Русские ночи - Страница 33


К оглавлению

33

— И оттого люди, — прибавил смеясь Вячеслав, — по вечерам весьма прилежно стараются убить враждебную силу картами; а карселева лампа разгоняет домовых…

— Ты не остановишь мистиков этой насмешкой, — возразил Фауст, — они будут отвечать тебе, что у враждебной силы две глубокие и хитрые мысли: первая — она старается всеми силами уверить человека, что она не существует, и потому внушает человеку все возможные средства забыть о ней; а вторая — сравнить людей между собою как можно ближе, так сплотить их, чтобы не могла выставиться ни одна голова, ни одно сердце; карты есть одно из тех средств, которые враждебная сила употребляет для достижения своей двойной цели; ибо, во-первых, за картами нельзя ни о чем другом думать, кроме карт, и во-вторых, главное, за картами все равны: и начальник, и подчиненный, и красавец, и урод, и ученый, и невежда, и гений, и нуль, и умный человек, и глупец; нет никакого различия: последний глупец может обыграть первого философа в мире, и маленький чиновник большого вельможу.
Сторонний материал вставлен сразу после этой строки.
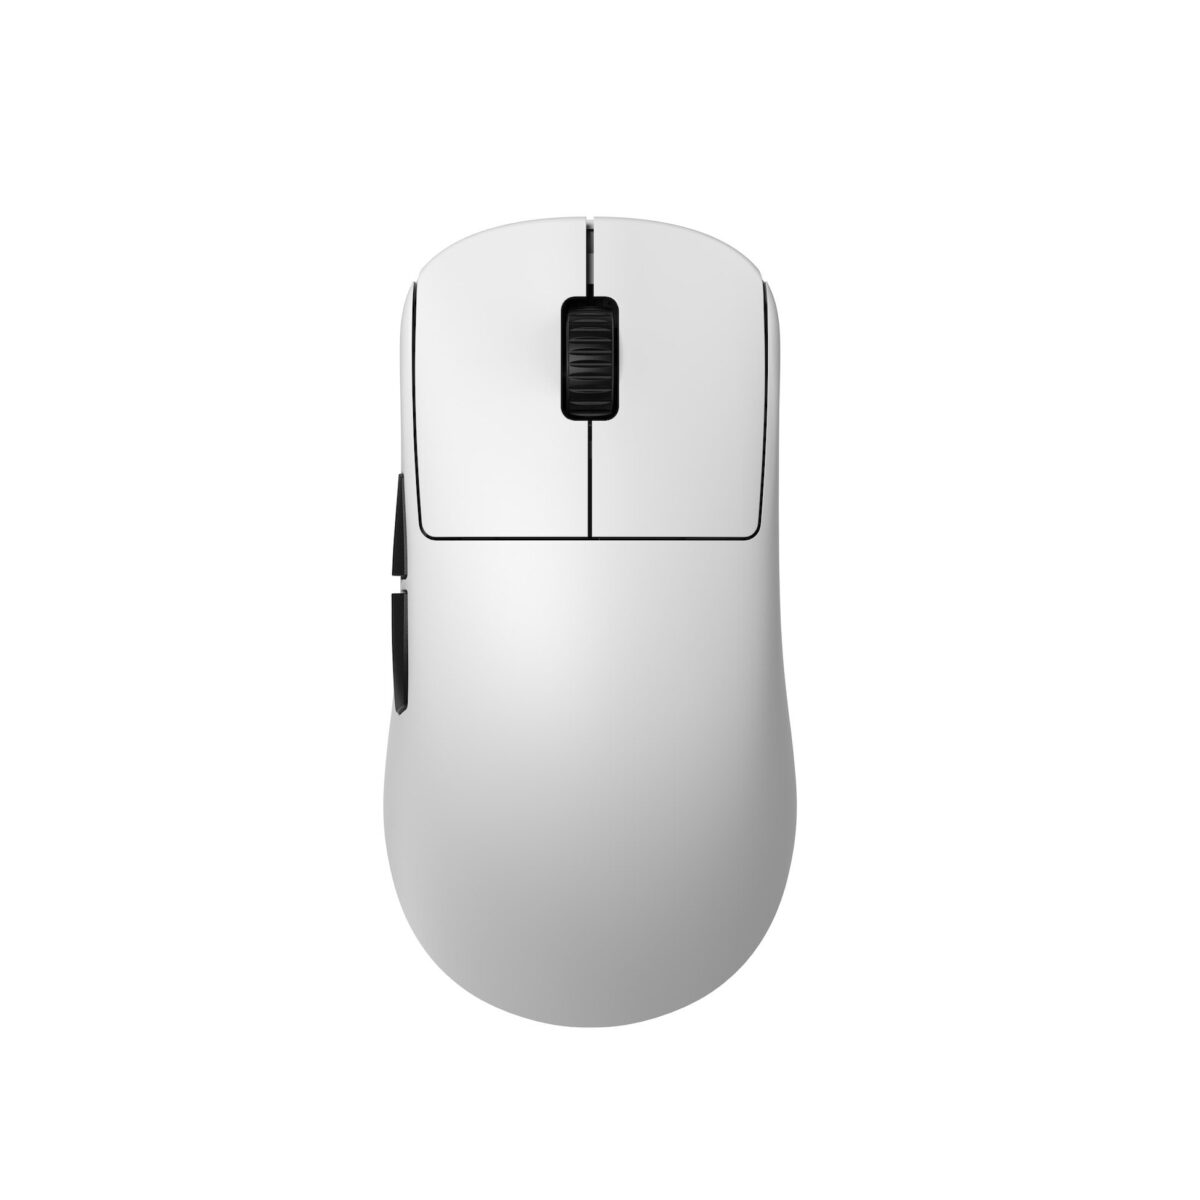 Endgame Gear OP1we Wireless Gaming Mouse - white - Pro GamersWare 1.28.63.12.012

Представь себе наслаждение какого-нибудь нуля, когда он может обыграть Ньютона или сказать Лейбницу: «Да вы, сударь, не умеете играть; вы, г. Лейбниц, не умеете карт в руки взять». Это якобинизм в полной красоте своей. А между тем, и то выгодно для враждебной силы, что за картами, под видом невинного препровождения времени, поддерживаются потихоньку почти все порочные чувства человека: зависть, злоба, корыстолюбие, мщение, коварство, обман, — все в маленьком виде, но не менее того все-таки душа знакомится с ними, а это для враждебной силы очень, очень выгодно..

— Однако ж нельзя ли избавить от мистицизма? — вскричал, наконец, Вячеслав, выведенный из терпения…

— С охотою, — отвечал Фауст.

— А все-таки мой вопрос остался неразрешенным, — заметил Ростислав..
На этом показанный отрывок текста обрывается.